As soon as I'm done with eQTL Catalog, I can implement this ingestion myself.
It took 14 minutes 8 seconds of wall time in total to download 1000 studies
Ok. With the current approach it takes ~3+ days to get there. (however there could be 2 or even 3 orders of magnitude difference in the size of the files)
I did some exploration to see how quick the process could be. I too saw some performance improvement consistent with your observation, but the speed was nowhere near your. 25MB/s for ftp and 8MB/s for https all from non-ebi infra.
@DSuveges Thank you for your comments! Do you think you can try and reproduce my benchmark using the commands above? Maybe indeed I'm missing something. It would be good to know for sure that it works, can be reproduced, and is indeed that fast.
I attach the list of files that I used: list_to_download.txt — or alternatively you can re-run the command above and get a different random list of files, but then the comparison wouldn't be as exact.

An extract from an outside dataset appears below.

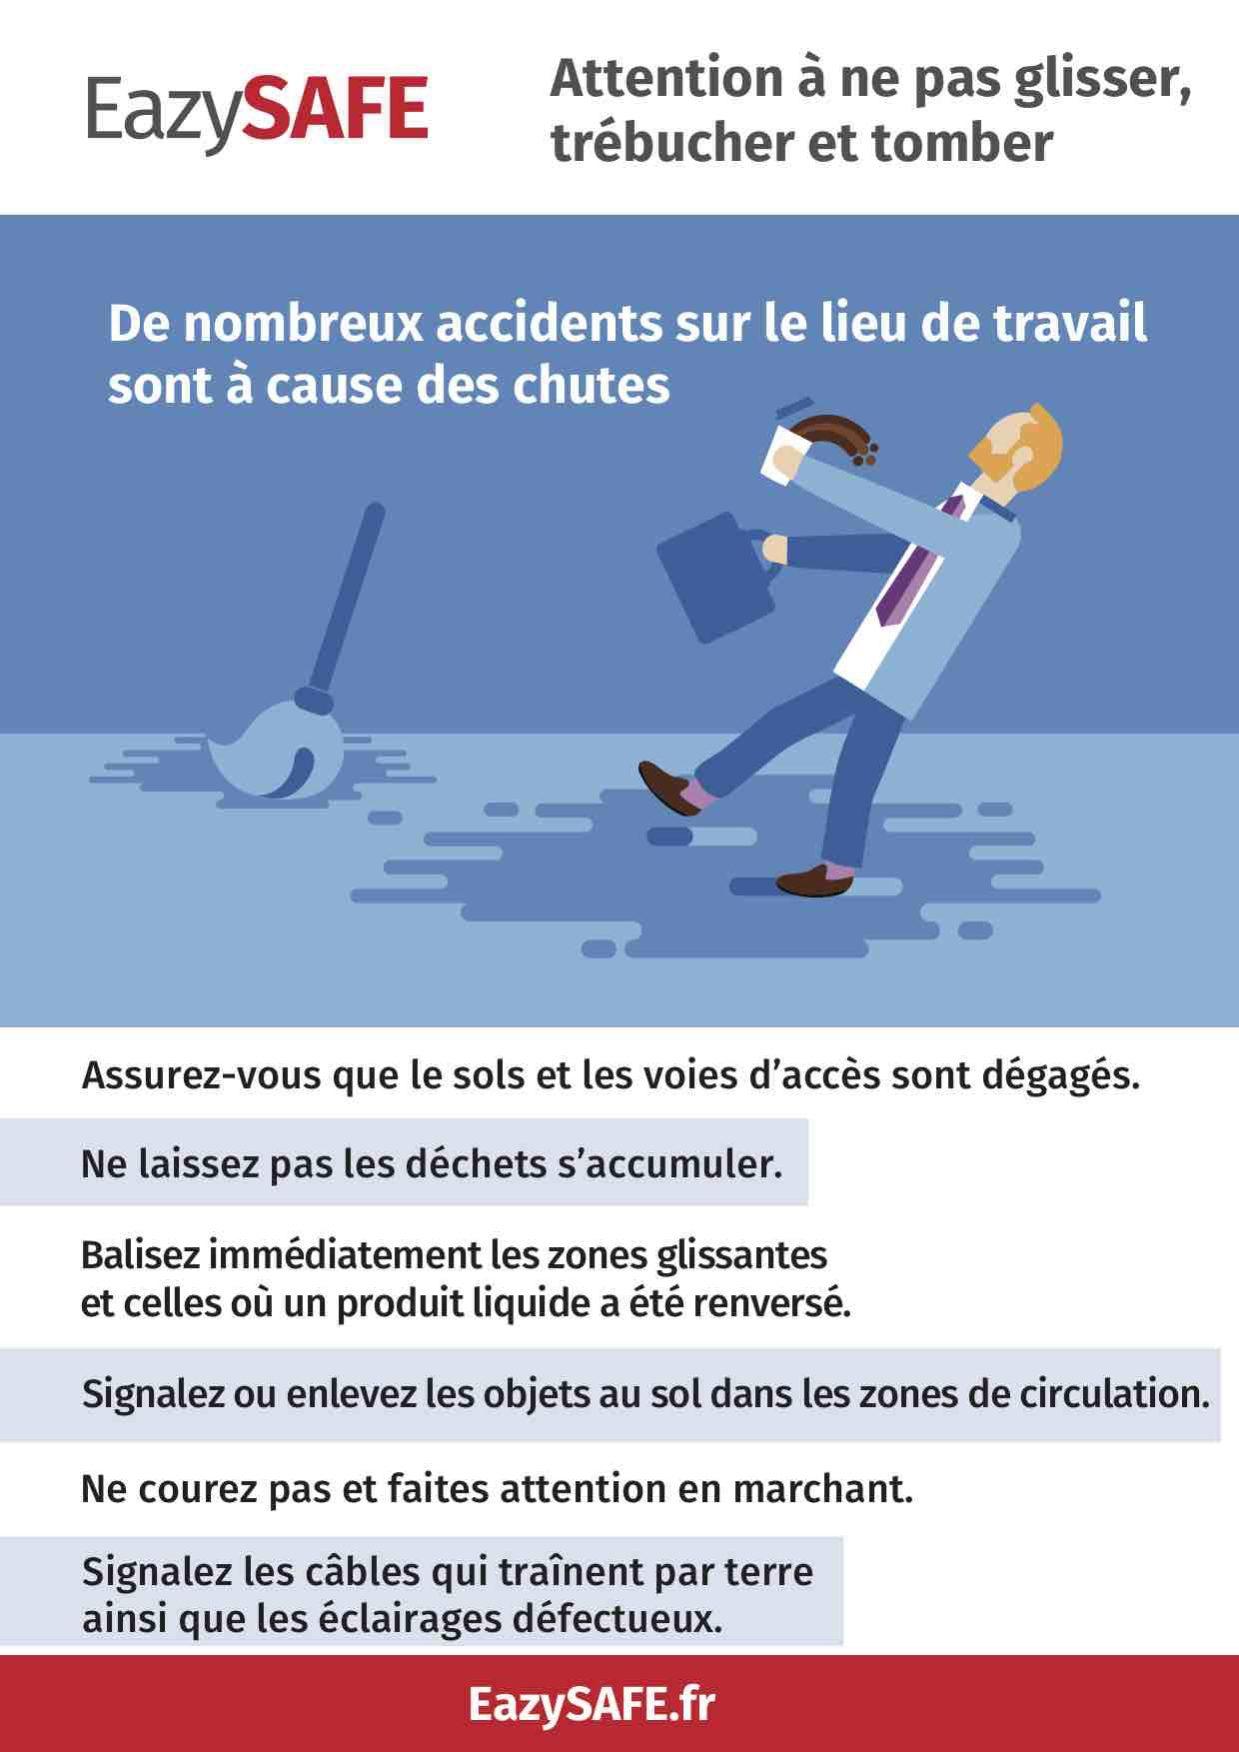 poster accidents chute lieu de travail

I agree the point about differences in file size is very important. Hopefully by sampling 1,000 random studies I managed to get all sorts of extremes in the distribution, but of course we can never know for sure until we download everything. In my sample, the smallest study is 0.93 MB, the average is 291 MB, the largest is 1941 MB, and histogram looks like this:
Oh, and regarding speeds: I know that when I tested the download of just a single file with curl before, the speeds were only around 20–25 MB/s, which is very similar to what you describe.
I suspect the reason might be that, if downloading the files one by one, the client (curl) has to establish FTP handshake with the server every time for each file, which can be very slow and probably takes more time than the actual download for most studies. In contrast, when we fetch a list of files from the same FTP server, the handshake only has to be done once.

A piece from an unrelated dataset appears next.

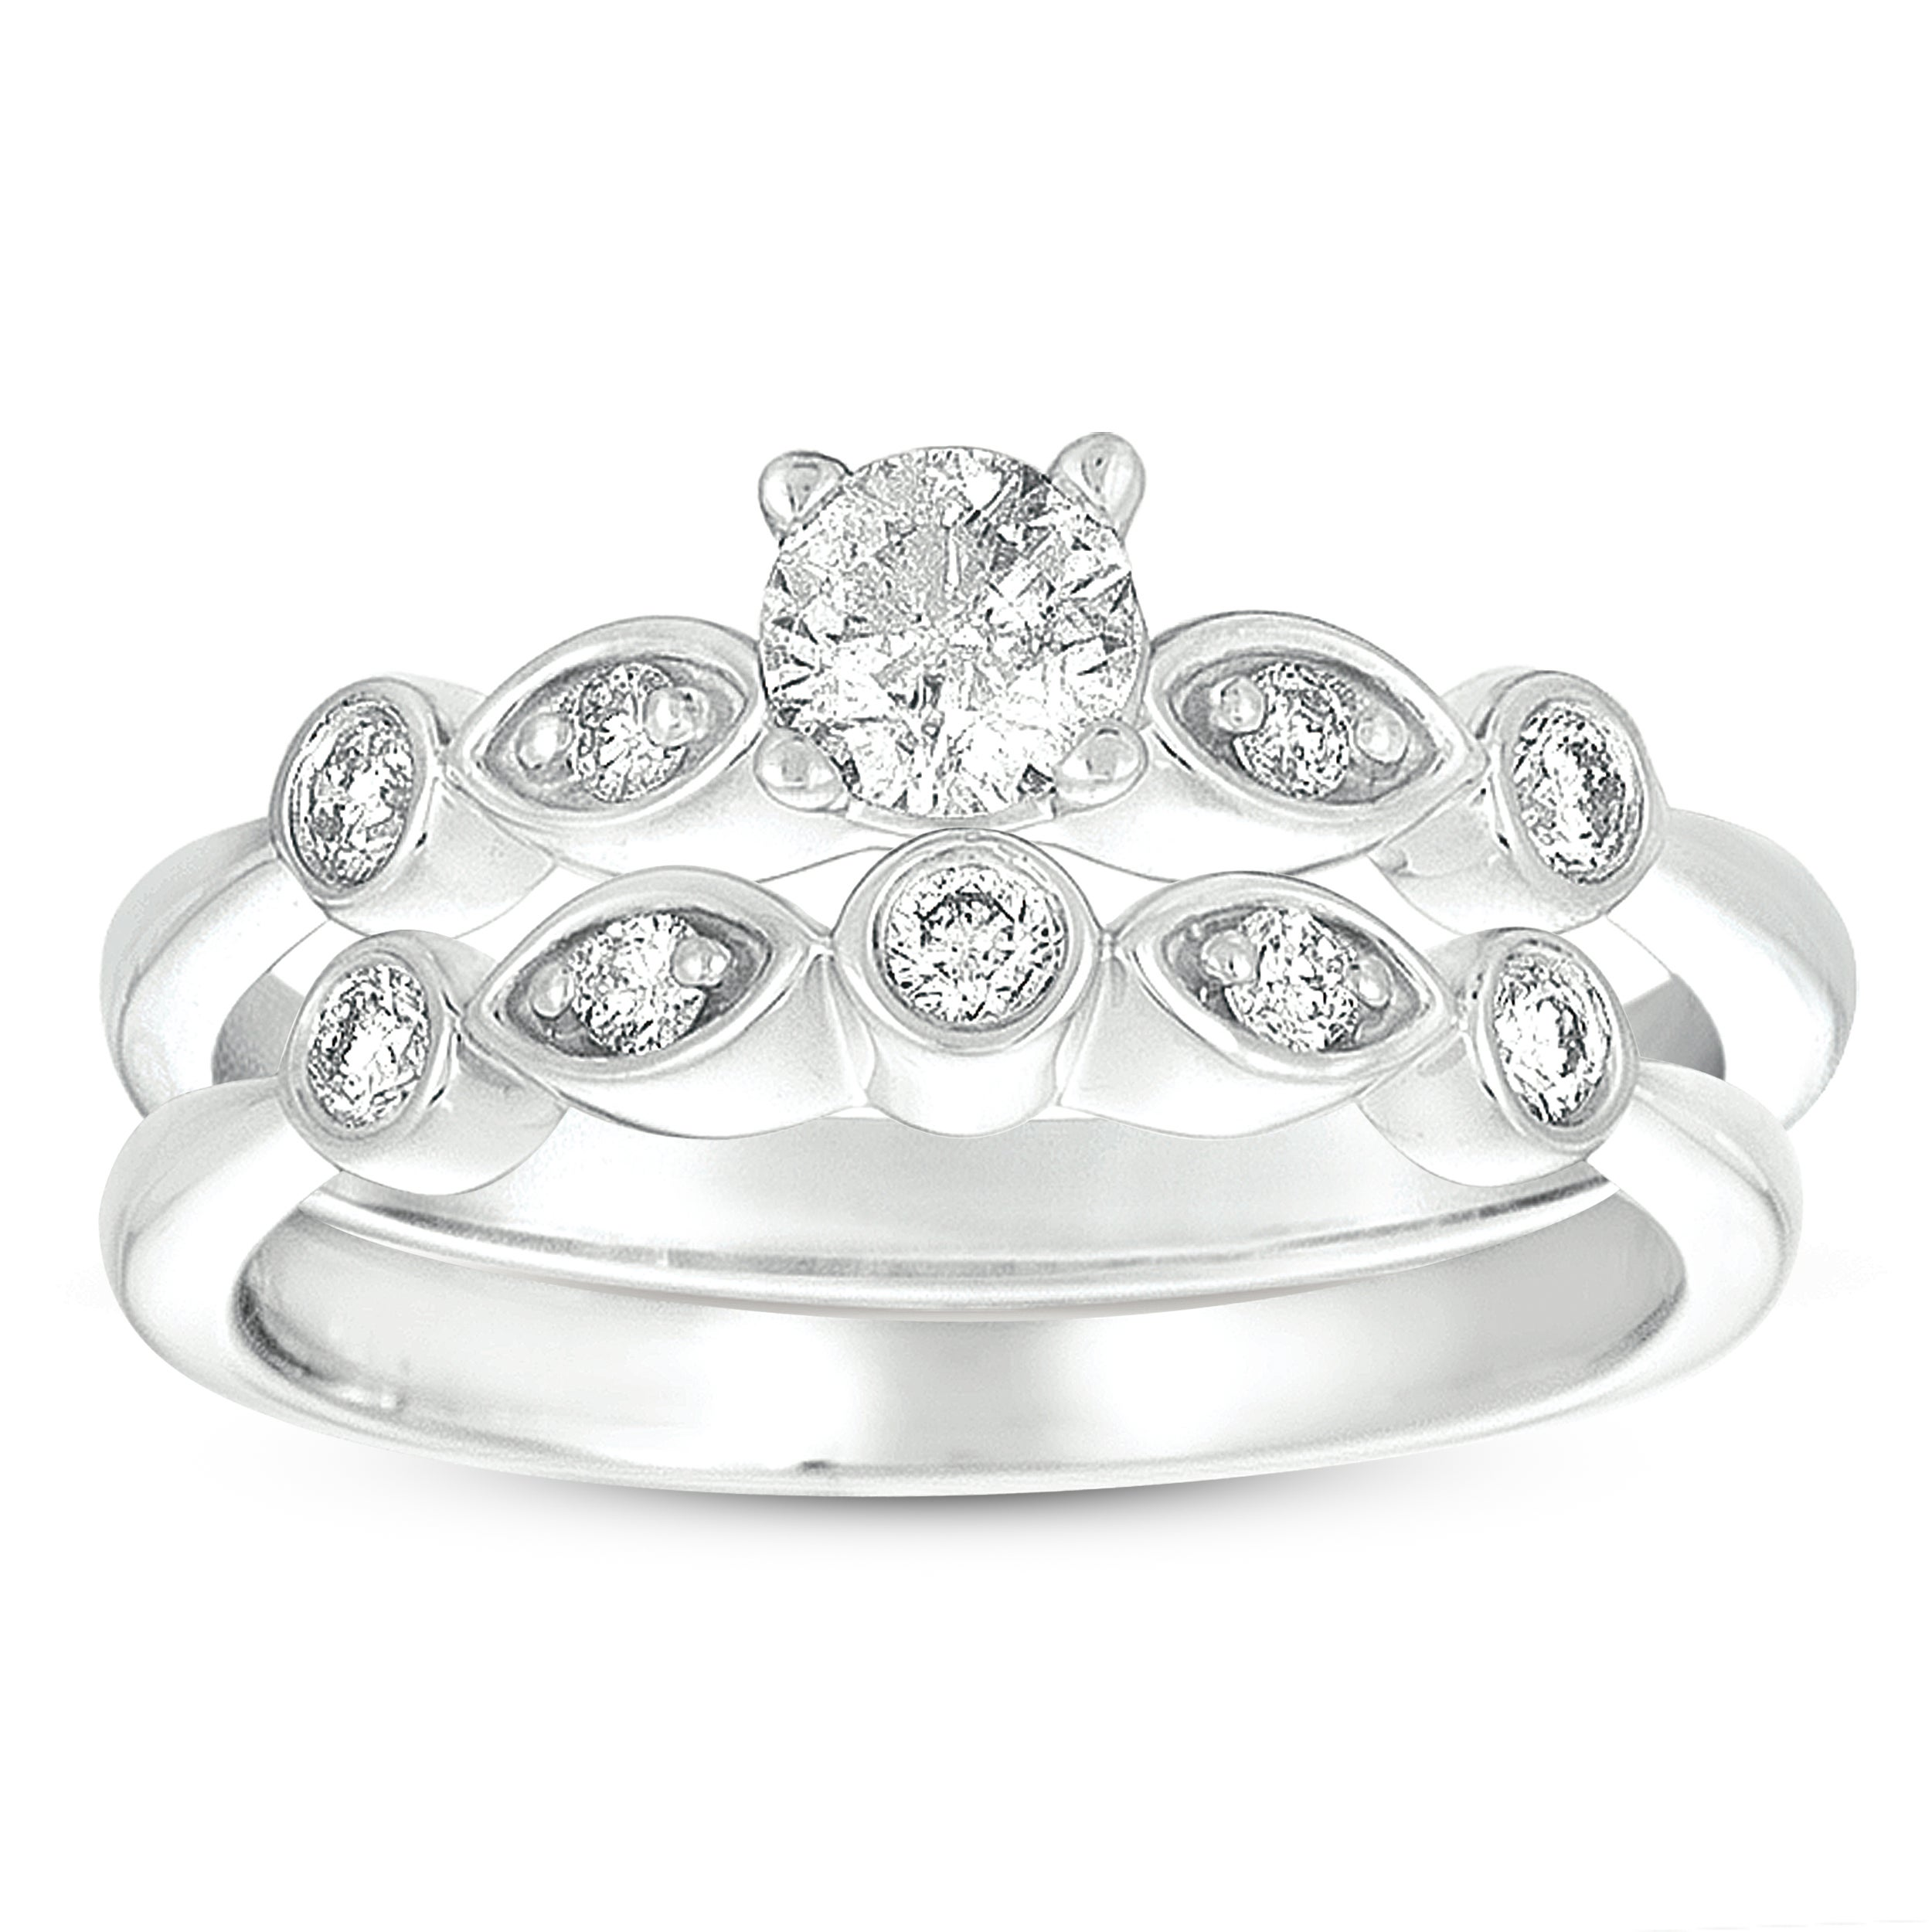 Eloquence 14k White Gold 3/8ct TDW Diamond Bridal Set

In this case, my comment above about how using aria2c wasn't important, should probably be amended. It looks like, for an efficient FTP download, it does matter which tool we use and how we request the files to achieve good performance.
A few updates:
The GCP File transfer didn't fly. It complained about the robots.txt on the EBI https server. So we should discard Option 1 .
There were a couple of conversations with TSC today about how we could go about this. They suggested a solution similar to Option 2 option that would imply a data mover job in EBI infrastructure running a cron job, in which a gcloud rsync uploads all the files we need to the bucket. See example next:
# cat /nfs/rw/fg_general/TSC/logs/www-prod/upload-to-google.sh
#!/bin/bash
export https_proxy=http://www-proxy:8080/
export http_proxy=http://www-proxy:8080/
cd /nfs/rw/fg_general/TSC/logs/www-prod/
gcloud auth activate-service-account <service-account> --key-file=<service-key>.json
for i in $(find -maxdepth 2 -mindepth 2 -type d)
do
echo ${i#./}
gsutil -q -m rsync -r ${i#./} [gs://transfer-logs-in/${i#./}](gs://transfer-logs-in/$%7Bi#./})
done
gcloud auth revoke <service-account>
echo "DONE "
We thought in the first place this could be an interesting option if we want to include it on the GWAS catalog-side. When the files are uploaded to FTP, they are also moved to our bucket. However, @jdhayhurst confirmed the FTP copy of the file is the only one left after the process is finished. So we will need a different process anyway. In this scenario not requiring to setup something on EBI infrastructure is probably a plus, but I have to acknowledge this setup seems simple enough to consider it.
This lead us to a Option 3+@tskir suggestions approach scenario:
I asked TSC if they anticipate any differences in performance between FTP->GCP vs EBI infrastructure -> GCP. At first glance, they had no immediate concerns so it does look like this approach could work.
The full requirements are simple:
gs://open-targets-gwas-summary-stats/raw_harmonized/
@DSuveges and I prototyped a script that uploads all summary stats through a gsutil rsync
command in the SLURM queue of the EBI cluster. Parallelised in 16 cores within the same node it runs at approximately 0.6 Gbytes/sec which is more than enough.
The rsync job excludes unnecessary files and uses the default option (timestamp instead of checksum). Moving this job to a SLURM cron would solve most of our issues. We'll wait for @mbdebian feedback. In the meantime, we have a copy of the harmonised sum stats that we can use to unblock other tasks.
P.S. We had a lot of headaches with the exclusion regexp. The same pattern behaves differently due to something we could not identify in the environment. It worked here as a simple script with local google SDK binaries, but not on Manuel's singularity image.
The current implementation of how the summary stats ingestion is going is quite inefficient.... although we might be able to save time on computation, the daily few hundred ingested summary stats won't scale (thinking about the upcoming flood of summary statistics). We need to explore option to move the data out of nfs faster.
Option 1 - Using data transfer google jobs
It's all on us. However we need to rely on ftp/https transfer speeds, which might not be too efficient. We need to assemble and update the file lists.
Option 2 - Copy files as datamover job
Still partially depends on ebi infra. Not too many jobs at a time. I assume way faster transfer times (there are failing due to termlimit, however never due to transfer). Still limited number of concurrent transfers due to job limitation.
Option 3 - from ftp on VM
Scripting up the downloads to google VMs from ftp, then move to google buckets. It might be solvable as a single step if bucket is directly mounted to VM.
@mbdebian , What are your opininons on this? I know you have invested quite a bit of time to write the very sophisticated tracking of study processing, but for option2, we can use at least some of this. Honestly, I think that could be the fastest.